Disclaimer : Kuroko no Basuke et son univers ne m'appartienne pas, aussi, je ne fais aucun bénéfice sur cette fiction.

Information : Ce texte a été écrit pour le cadre du calendrier de l'avent 2018. J'espère qu'il vous plaira, même si Kuroko's basket est terminé depuis longtemps. Ceci est le troisième extra. J'espère que ses petits éléments en plus vous plairont.


Mot du jour : Le petit copain

Les fins de semaine sonnaient comme une libération chez le fantôme de Seirin. Il pouvait se détendre de ces longs entraînements infernaux que lui imposait Riko. Néanmoins, ce qui lui plaisait durant ses deux jours, c'était de prendre le train et rejoindre l'autre moitié de son âme.

Chaque week-end, Tetsuya et son petit ami se retrouvaient à la gare, au milieu de la foule. Ce dernier parvenait toujours à le localiser malgré son manque de présence ou ses compétences de prestidigitateur. Quand ils étaient sur le terrain, ils étaient rivaux. Ils appartenaient tous les deux à une équipe différente.

Tetsuya ne s'attendait pas à ce qu'un jour, Kazunari lui déclarait ses sentiments.

L'adolescent patientait depuis dix minutes. Il s'était posté devant un pilier en béton pendant ce temps. Son partenaire de vie ne l'avait jamais déçu depuis qu'il s'était confessé sa flamme. Comme tout le monde, il aurait supposé son attirance auprès d'un autre membre de la génération miracle, ils s'entendaient déjà si bien. Malgré tout, ce fut lui qu'il avait choisi.

L'horlogue avait fait un tour et Tetsuya n'avait pas remarqué le retard conséquent. Il était plongé dans son livre, accroupi.

Une ombre lui cacha la lumière et il leva son nez de son light novel. L'instant d'après, il sourirait.

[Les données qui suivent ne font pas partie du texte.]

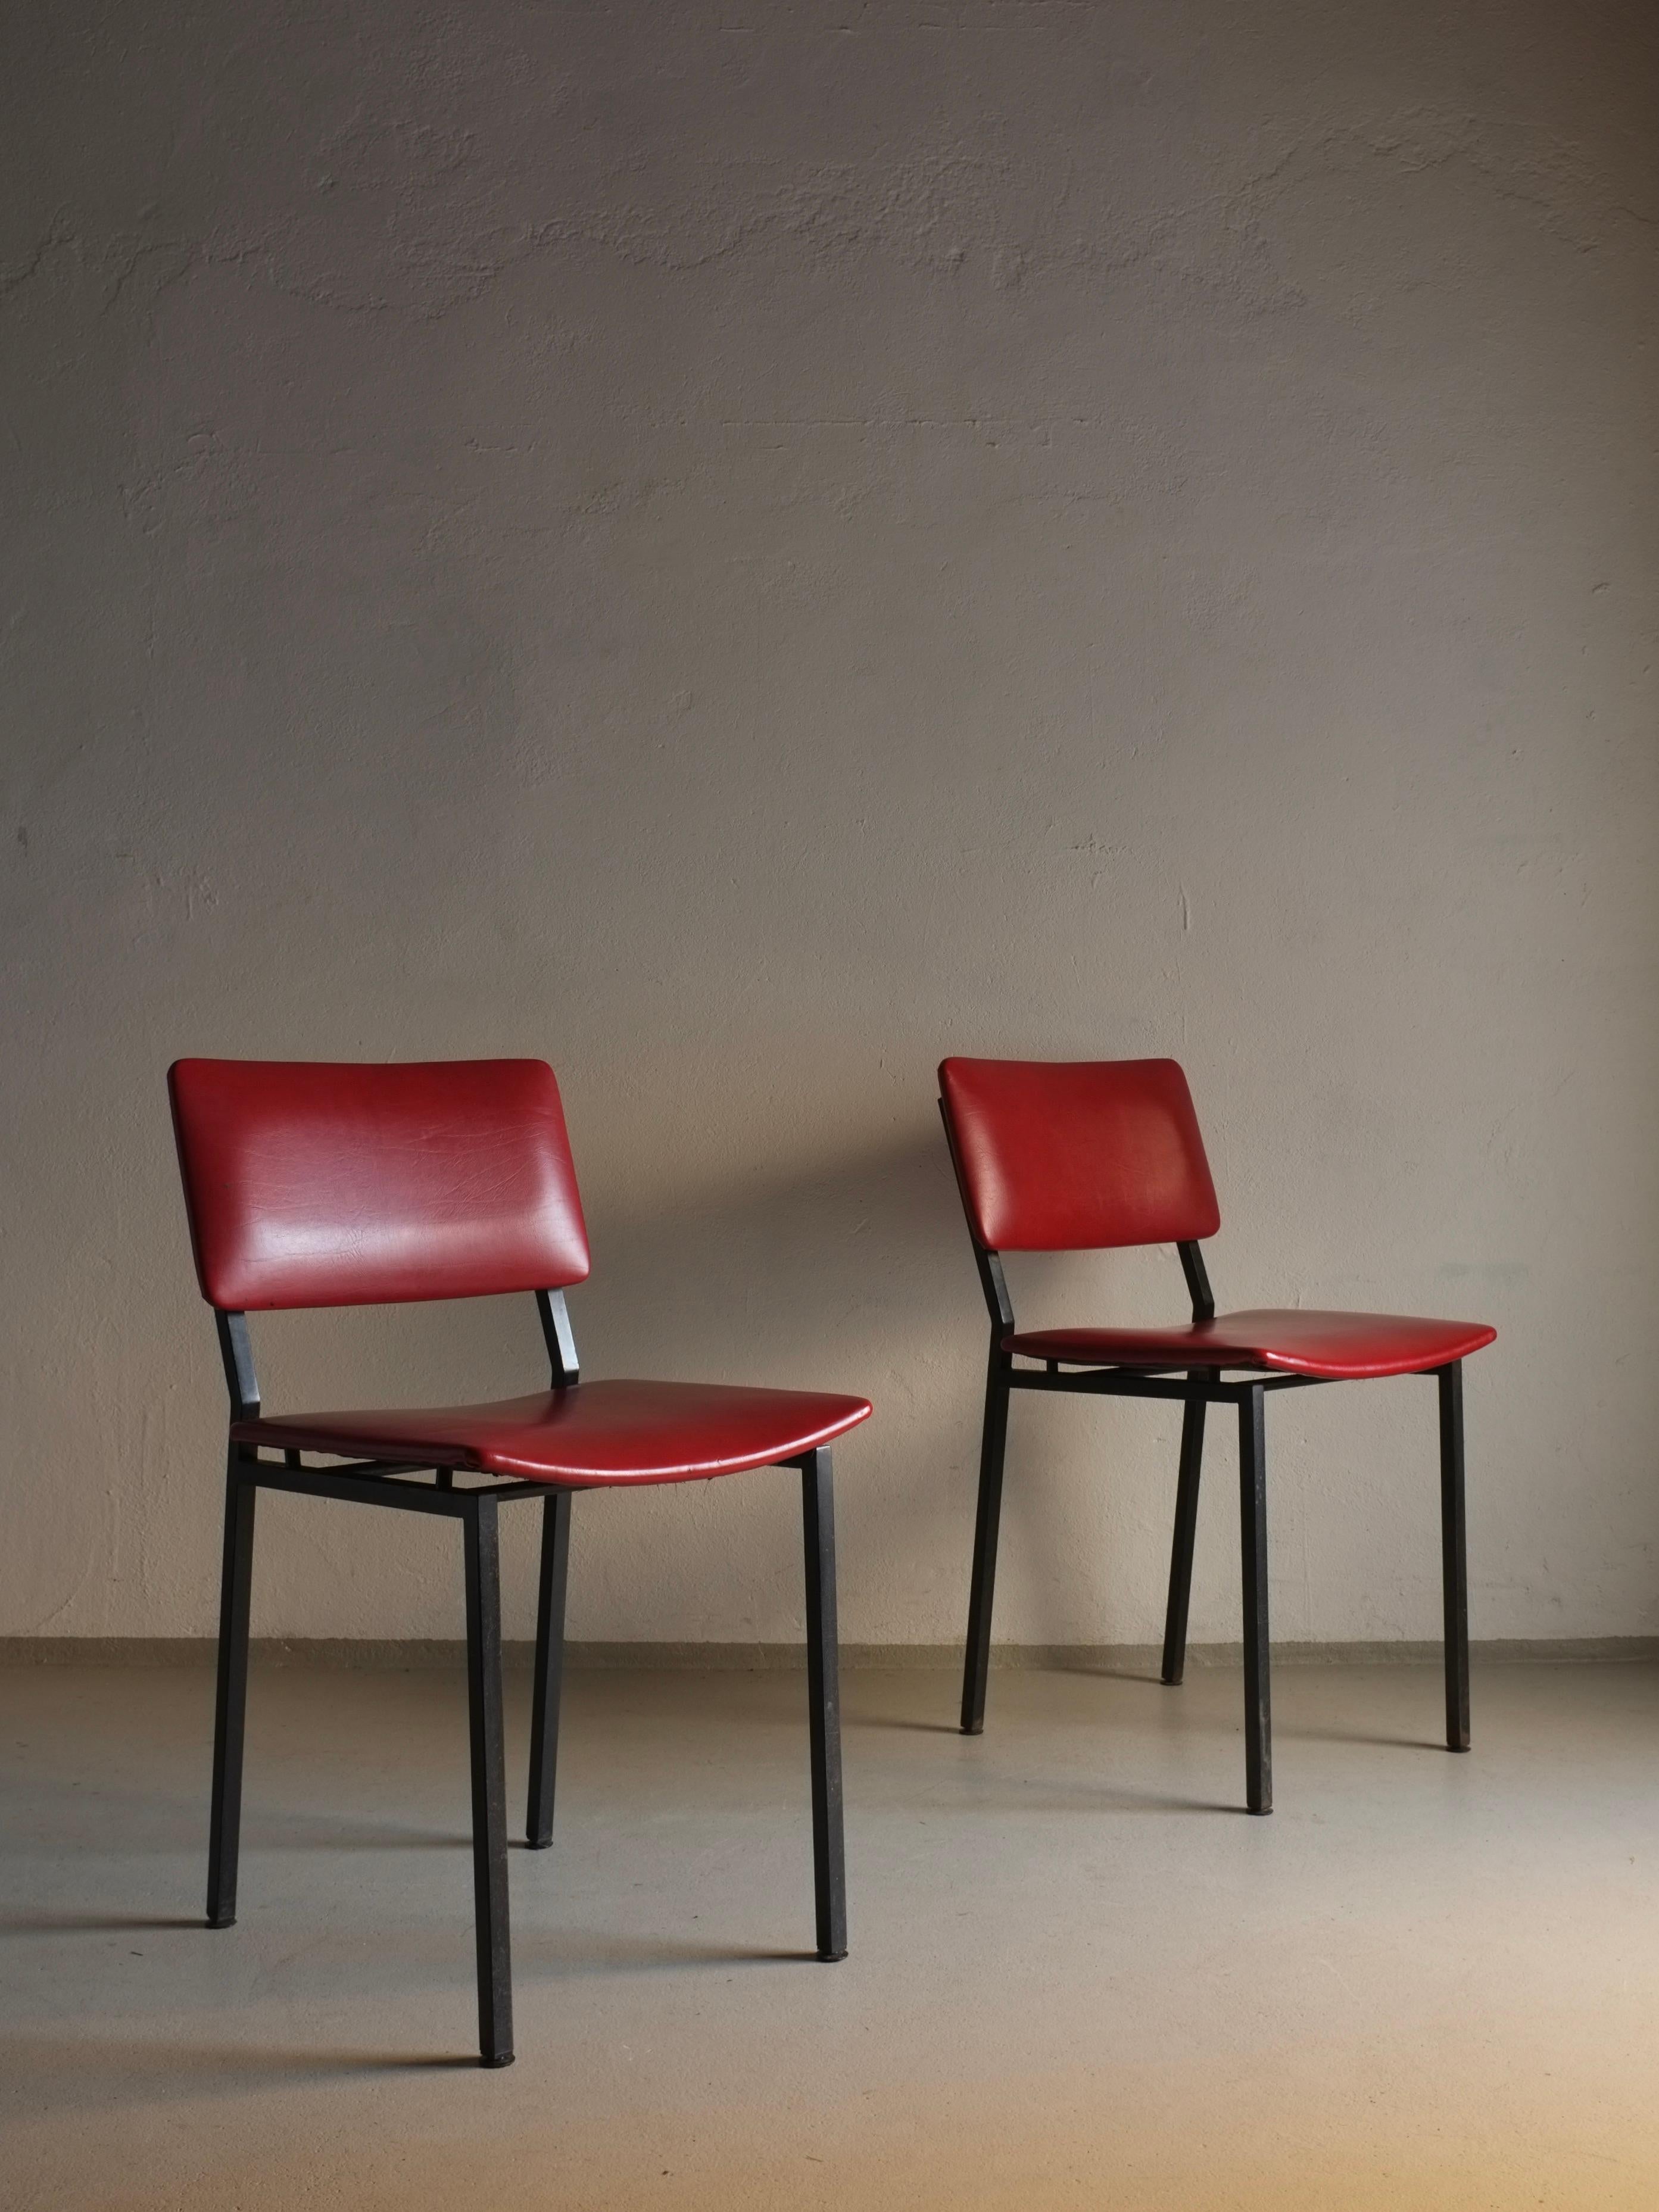 Set of 2 Black Metal Chairs by Gerrit Veenendaal For Kembo, Netherlands 1960s In Good Condition For Sale In Rīga, LV

— Désolé pour le retard, Tetsu, annonça son petit ami. Ma sœur m'avait retenu en voulant savoir avec qui je passais mes après-midi.

— Ce n'est pas grave, Kazunari. J'ai avancé mon nouveau livre.

— Toujours un light novel ?

— Oui, j'essaye un nouveau genre.

— C'est lequel, cette fois-ci ?

Tetsuya sourit avec malice, avant de poser son marque-page. Il lui présenta la quatrième couverture. Kazunari lit le résumé et rougit progressivement. Puis, il le lui rendit.

— Non, mais maintenant tu te mets à lire ça, petit pervers.

— Oui, rétorqua Tetsuya, amusé. C'est assez surprenant comment les filles voient la relation entre hommes.

— Des fois, tu as des lectures trop flippantes. Ne te penche pas trop dessus, je te signale qu'on a fait bien pire ensemble.

Tetsuya détourna les yeux pour éviter de rougir à l'évocation de leurs ébats amoureux. Il rangea son livre, de peur que Kazunari le jette à la poubelle. Puis, il posa son bras contre son dos.

Le couple sortit rapidement de la gare.

— De toute façon, je ne suis pas un pervers.

— Alors. Ne sois pas en colère. C'était une façon de le dire, rétorqua Kazunari peiné par le ton chagriné de son amoureux. En plus, on ne fait que sortir aujourd'hui.

Tetsuya acquiesça, puis il regarda autour de lui.

— Je t'avoue que j'ai bien envie de recommencer avec toi.

— Ça me fait penser. Mitobe et Koganei, dans mon club, ils l'ont fait cette semaine.

Kazunari se pétrifia, incapable de comprendre la raison de ce changement de sujet. Puis, il sourit.

— C'est une invitation, mon petit fantôme aimé ?

— je dis ça, comme ça, mon faucon d'amour.

L'instant d'après, ils se mirent à rire tous les deux. Puis, Kazunari le prit sous le bras en s'imaginant. Un jour, ils pourront se tenir la main dans la rue, sans honte. En attendant, ils devaient se comporter comme des amis qui profitaient de leur week-end.